Neue Textbausteine, die noch nicht im Actaport Baukasten enthalten sind, kann sie jederzeit im Actaport Menü „Textbausteine” erstellen. Dort kann sie auch vorhandene Textbausteine ändern. 

Die gewonnene Zeit nutzt die Betriebswirtin, um einen neuen Mandanten willkommen zu heißen, erste Fragen zu beantworten und beim Ausfüllen des Mandantenfragebogen zu helfen. Der Mandantenfragebogen ist eines der wenigen Papierstücke, die noch in der Kanzlei vorhanden sind. Auch echte Bücher sind Mangelware, denn seine Fachliteratur konsultiert Rechtsanwalt Krziminski in einer Datenbank.

Statt hoher Regalwände zieren Panoramabilder von Regensburg die Büroräume. „Ich finde es schön, dass es hier gar nicht so sehr nach Kanzlei aussieht”, sagt Sandrina Reicherseder, „und ich glaube, das empfinden unsere Mandanten auch so.”

Wenn die Mandanten nicht persönlich in die Kanzlei kommen, rufen sie an, um zum Beispiel Auskunft zu einer laufenden Sache zu erhalten.

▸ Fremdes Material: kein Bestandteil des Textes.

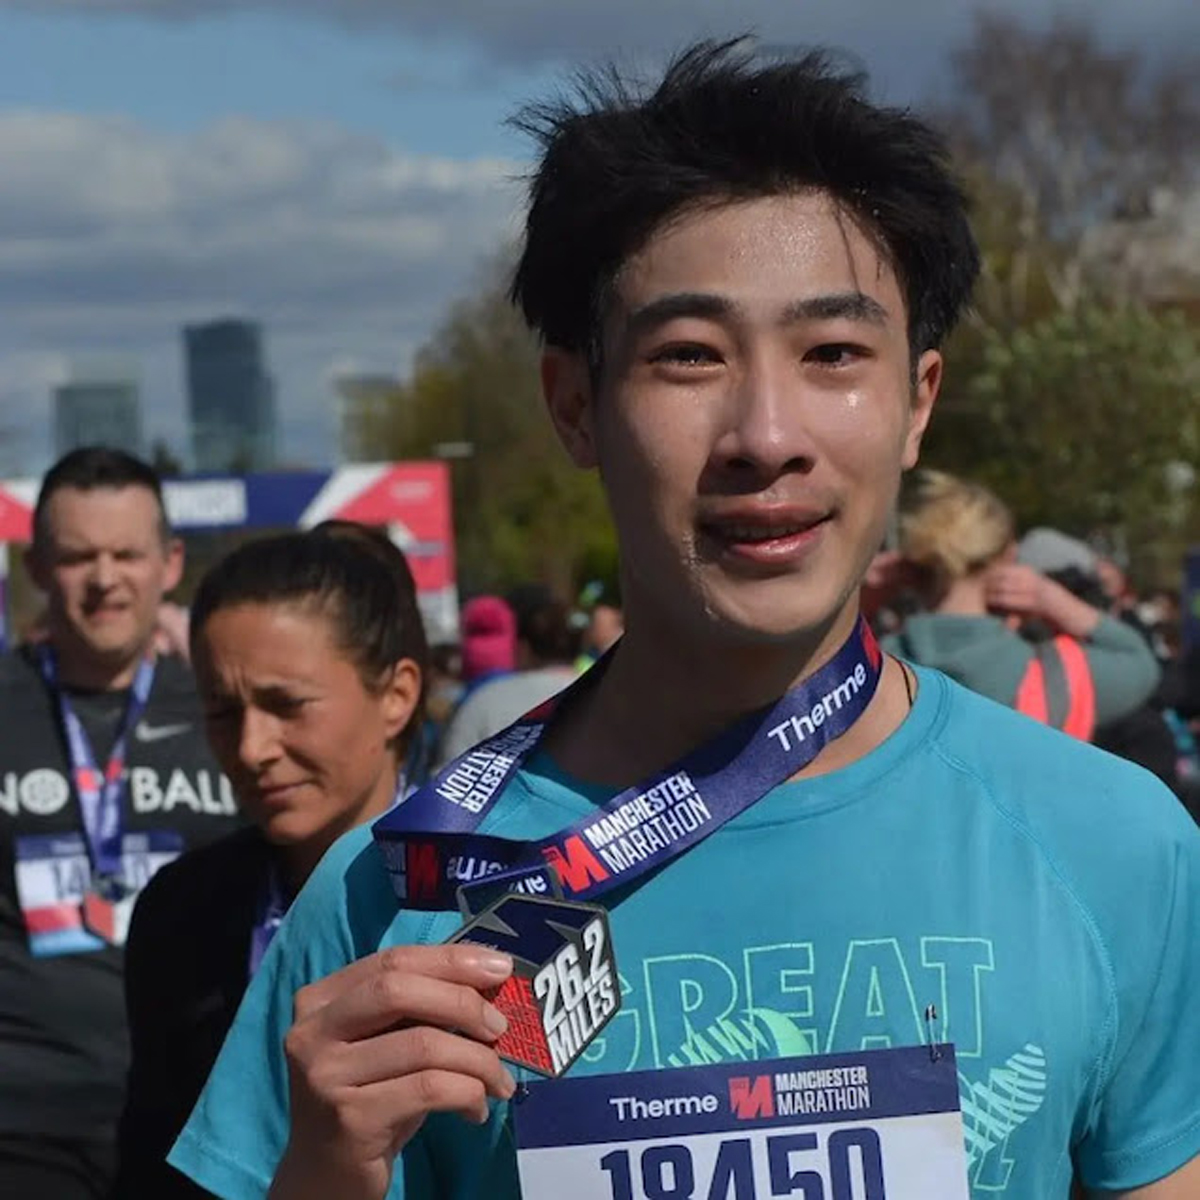 Viet-Anh crying tears of joy after the finishing in the Manchester Marathon in 2022 (University of Bristol/PA)

Auch hier reicht Reicherseder ein Klick auf das Aktenzeichen oder den Mandantennamen, und sie hat alle Daten übersichtlich vor sich.

Schlanke Personalplanung

Auch die Buchhaltung und die Kasse sind Tätigkeiten, um die sich Sandrina Reicherseder allein kümmert. Ist es Fremdgeld, dass eine Versicherung bezahlt hat und das an den Mandanten weitergegeben werden muss oder sind es Honorare für die Kanzlei? Dank der in Actaport integrierten Finanzbuchhaltungssoftware ist auch das eine Sache von jeweils wenigen Minuten.

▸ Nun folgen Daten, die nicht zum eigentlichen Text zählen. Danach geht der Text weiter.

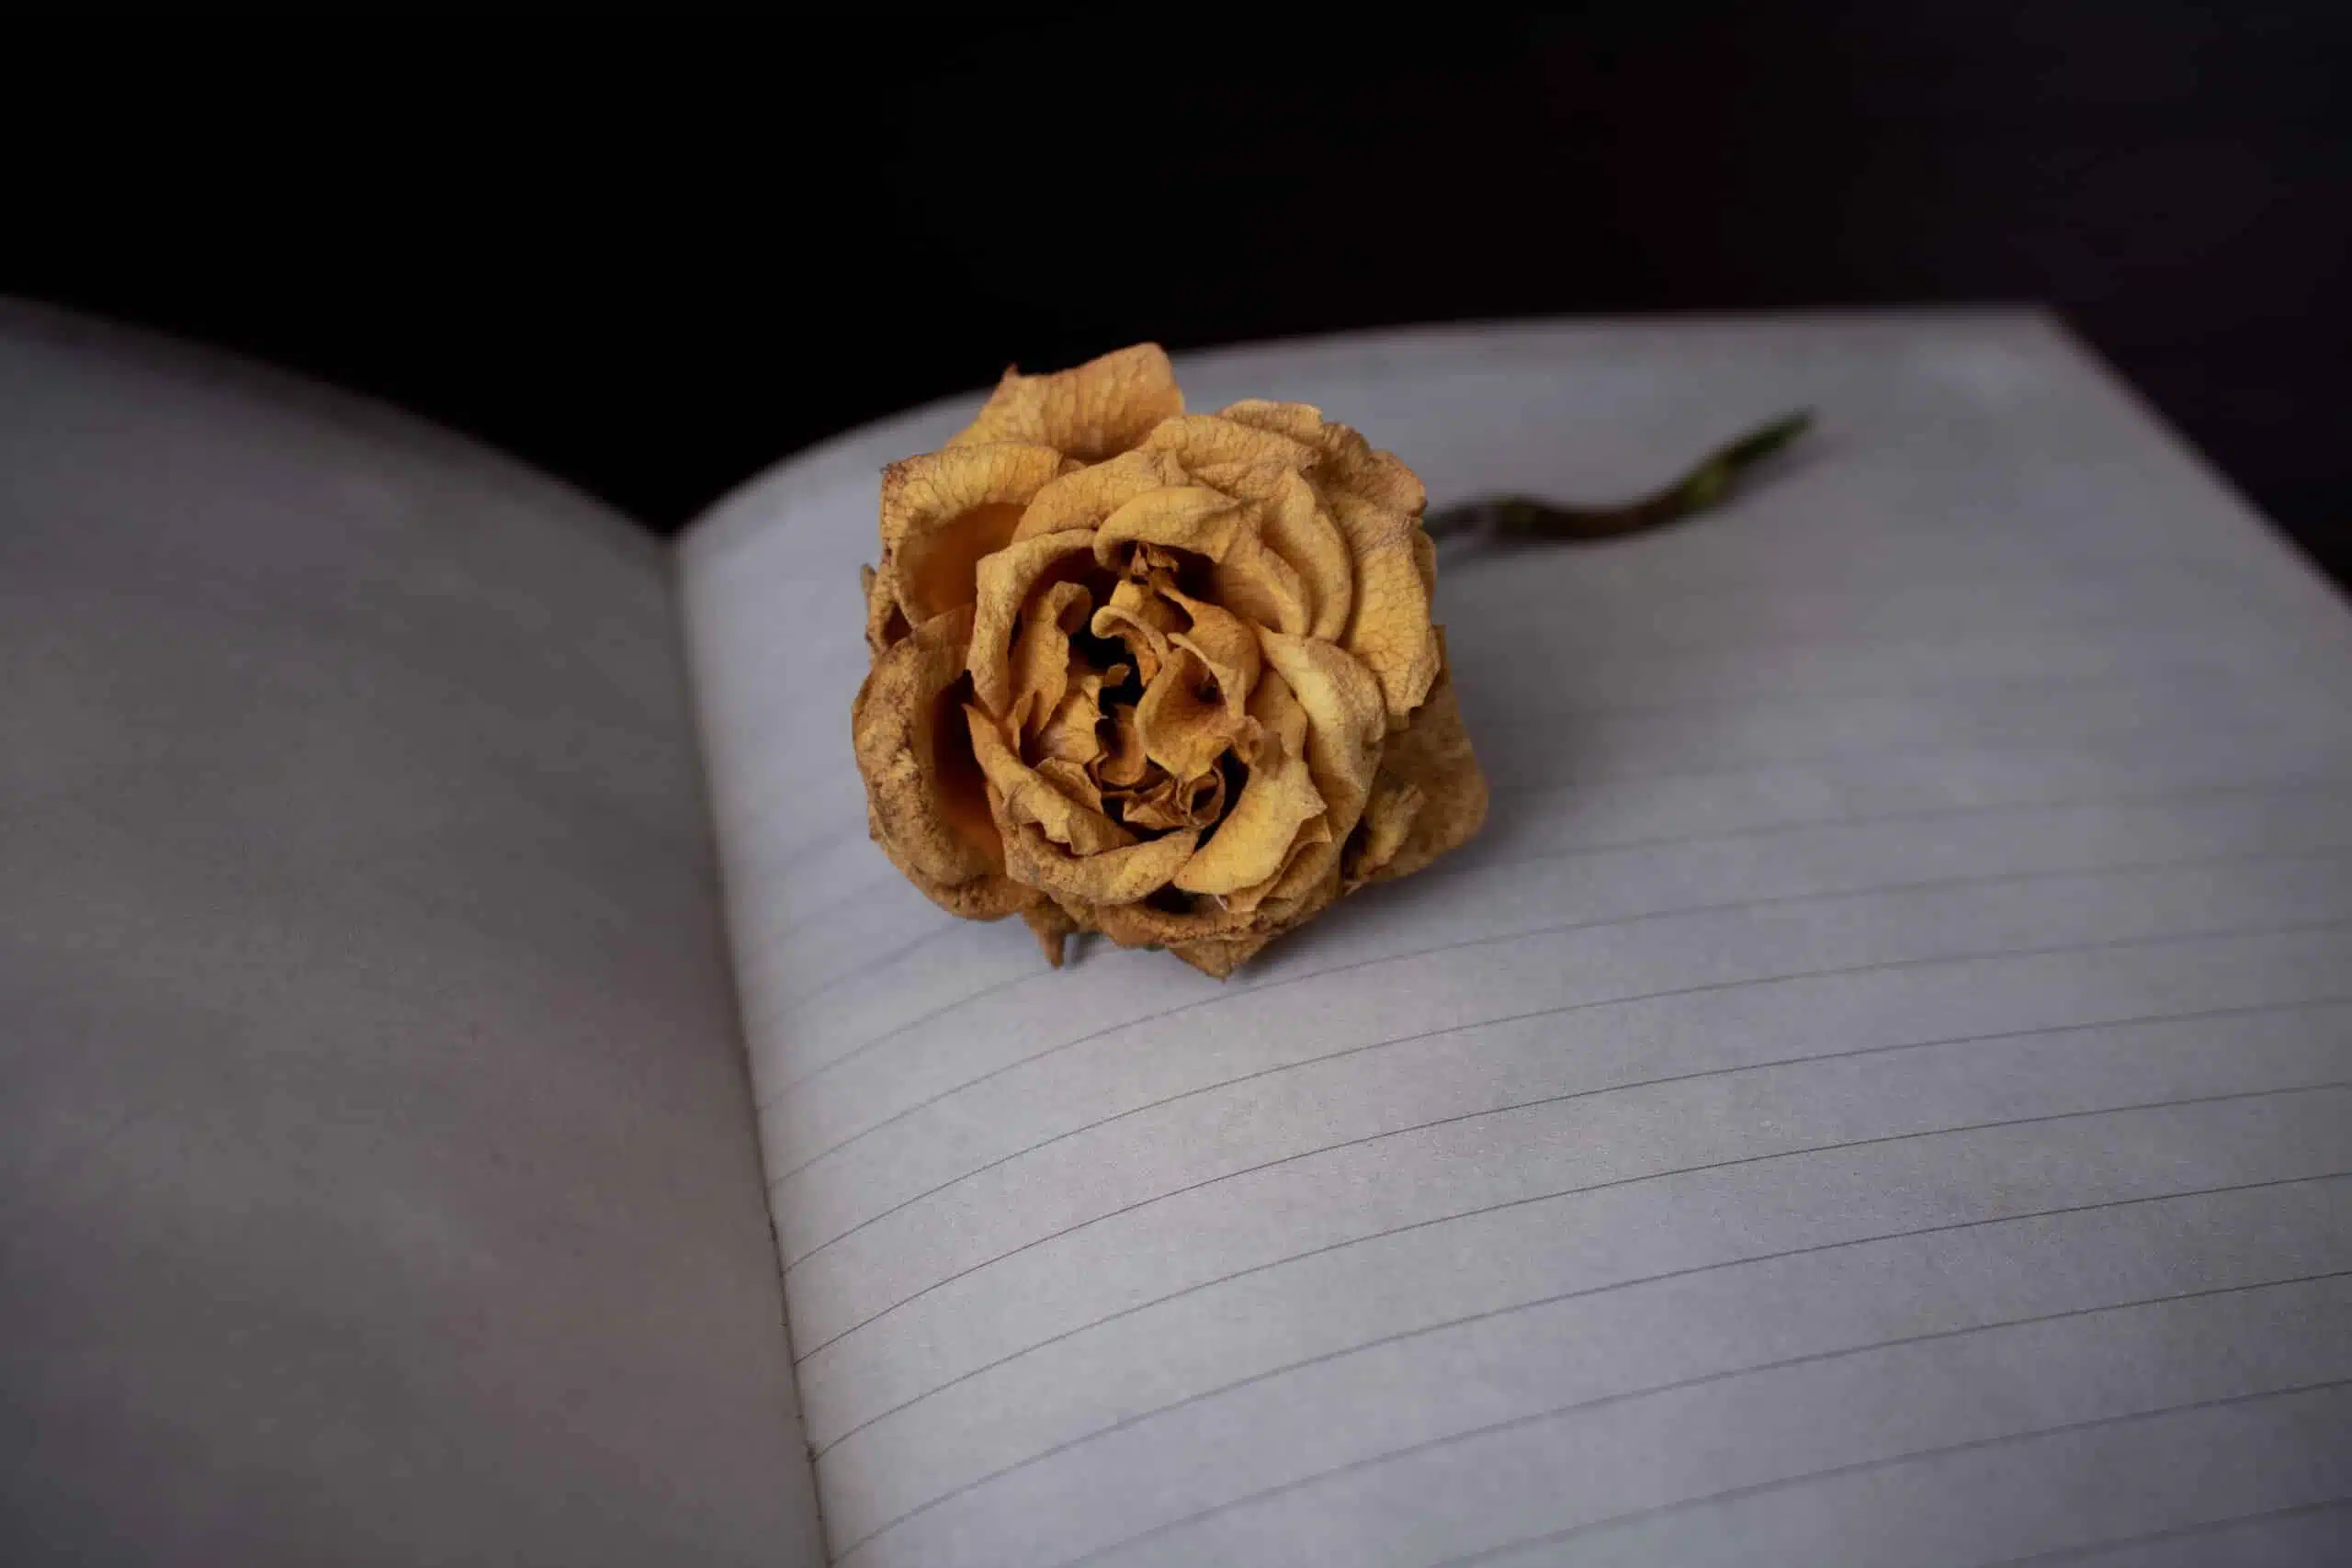 Wilted yellow rose lying on empty notebook

„Früher habe ich pro Tag fünfzig Handakten und Aktenordner durchs Büro getragen, und sie abends wieder weggeräumt. Heute reichen zwei Klicks und ich habe Feierabend.“Sandrina Reicherseder, Assistentin der Geschäftsführung, Kanzlei VVV Recht

Mittags erledigt Sandrina Reicherseder die per Kurier gebrachte Post. Es folgt die gleiche Prozedur wie am Morgen, mit Einscannen und dem Verakten der Schreiben. Pünktlich um 17 Uhr macht sie das Büro zu und es beginnt die Freizeit mit Sport und einem Getränk mit Freunden in der schönen Regensburger Altstadt. Bei schönem Wetter gerne in einem der zahlreichen Straßencafés.

Und was passiert, wenn Sandrina Reicherseder mal nicht im Büro ist? Dank der cloudbasierten Kanzleisoftware kein Problem. Sie arbeitete einfach von zuhause aus. Zwar steht zuhause nur ein Bildschirm und natürlich steht der Scanner für die Post auch nur im Büro. Doch wenn Rechtsanwalt Thomas Krziminski das Einscannen der Post übernimmt, kann sie von zuhause aus den Rest erledigen.

Vermisst sie manchmal das traditionelle Arbeiten mit Diktatkassette und Papier? „Ganz bestimmt nicht”, sagt Sandrina Reicherseder lachend.